No entanto, se o afastamento decorrer da influência prejudicial dos controladores, não se deve proceder à nomeação de um novo gestor através dos mecanismos normais, a fim de proteger a integridade da gestão. Em situações onde ocorra tanto o afastamento da administração atual quanto a suspensão do direito de voto dos controladores, a escolha do novo gestor será realizada através de uma assembleia geral de credores.
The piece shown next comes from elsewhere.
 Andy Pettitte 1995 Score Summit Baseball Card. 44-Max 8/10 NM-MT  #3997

O gestor selecionado terá a responsabilidade de gerir a empresa de forma imparcial e eficiente, assegurando que as operações favoreçam todos os envolvidos no processo de recuperação judicial.
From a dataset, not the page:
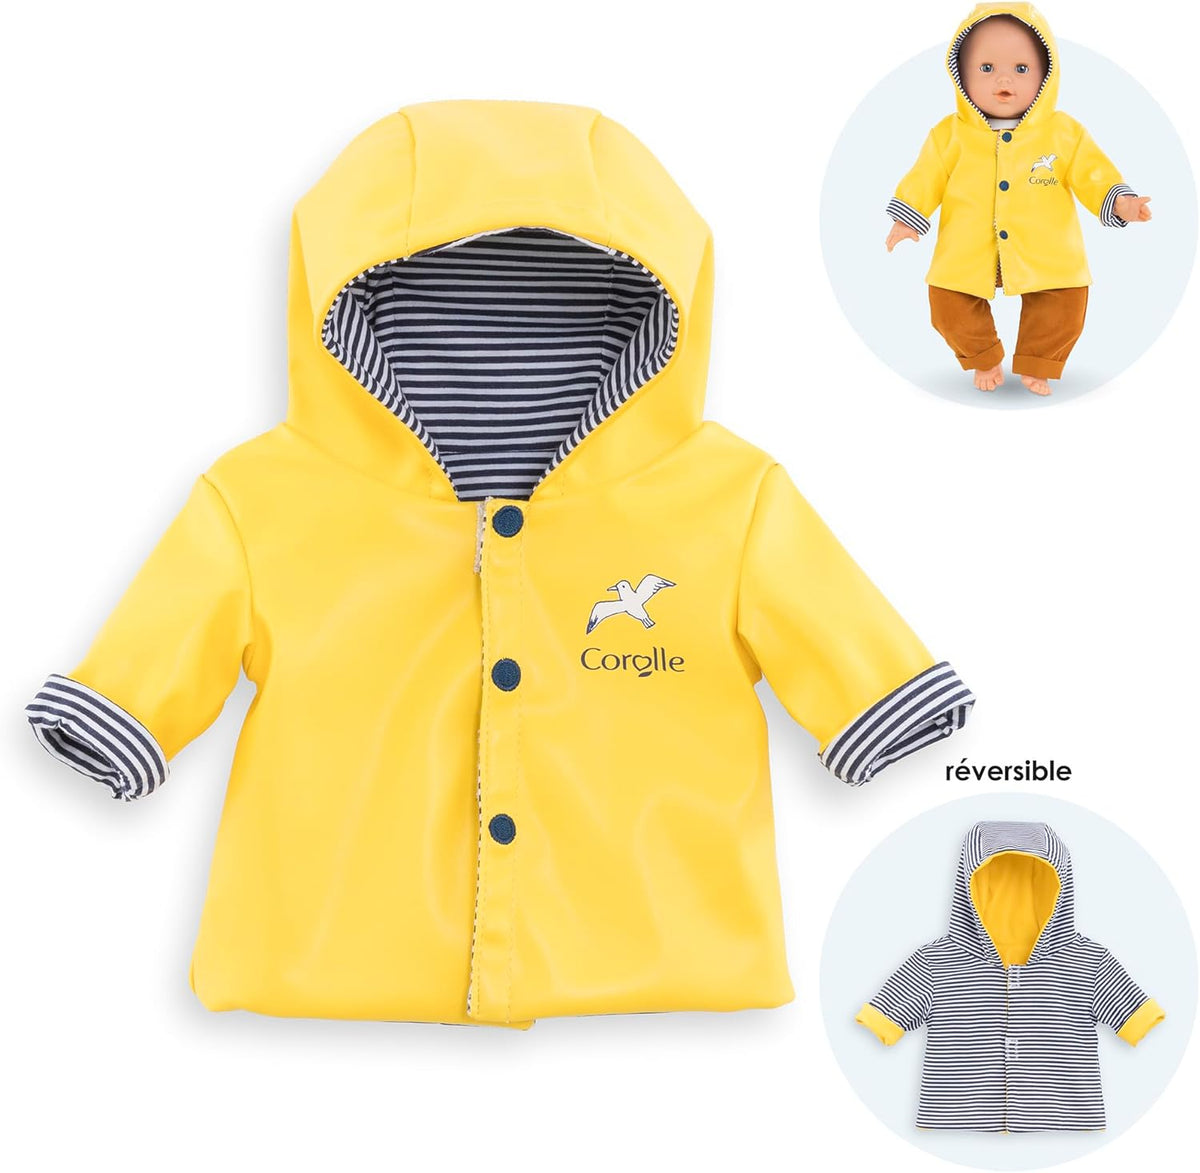 12” Doll Clothes - Reversible Raincoat

Legislação aplicável ao tema:

Lei 11.101/2005

Art. 64. Durante o procedimento de recuperação judicial, o devedor ou seus administradores serão mantidos na condução da atividade empresarial, sob fiscalização do Comitê, se houver, e do administrador judicial, salvo se qualquer deles:

I – houver sido condenado em sentença penal transitada em julgado por crime cometido em recuperação judicial ou falência anteriores ou por crime contra o patrimônio, a economia popular ou a ordem econômica previstos na legislação vigente;

II – houver indícios veementes de ter cometido crime previsto nesta Lei;

III – houver agido com dolo, simulação ou fraude contra os interesses de seus credores;

IV – houver praticado qualquer das seguintes condutas:

a) efetuar gastos pessoais manifestamente excessivos em relação a sua situação patrimonial;

b) efetuar despesas injustificáveis por sua natureza ou vulto, em relação ao capital ou gênero do negócio, ao movimento das operações e a outras circunstâncias análogas;

c) descapitalizar injustificadamente a empresa ou realizar operações prejudiciais ao seu funcionamento regular;

d) simular ou omitir créditos ao apresentar a relação de que trata o inciso III do caput do art. 51 desta Lei, sem relevante razão de direito ou amparo de decisão judicial;

V – negar-se a prestar informações solicitadas pelo administrador judicial ou pelos demais membros do Comitê;

VI – tiver seu afastamento previsto no plano de recuperação judicial.

Parágrafo único. Verificada qualquer das hipóteses do caput deste artigo, o juiz destituirá o administrador, que será substituído na forma prevista nos atos constitutivos do devedor ou do plano de recuperação judicial.

Art. 65. Quando do afastamento do devedor, nas hipóteses previstas no art. 64 desta Lei, o juiz convocará a assembléia-geral de credores para deliberar sobre o nome do gestor judicial que assumirá a administração das atividades do devedor, aplicando-se-lhe, no que couber, todas as normas sobre deveres, impedimentos e remuneração do administrador judicial.

§ 1º O administrador judicial exercerá as funções de gestor enquanto a assembléia-geral não deliberar sobre a escolha deste.

§ 2º Na hipótese de o gestor indicado pela assembléia-geral de credores recusar ou estar impedido de aceitar o encargo para gerir os negócios do devedor, o juiz convocará, no prazo de 72 (setenta e duas) horas, contado da recusa ou da declaração do impedimento nos autos, nova assembléia-geral, aplicado o disposto no § 1º deste artigo.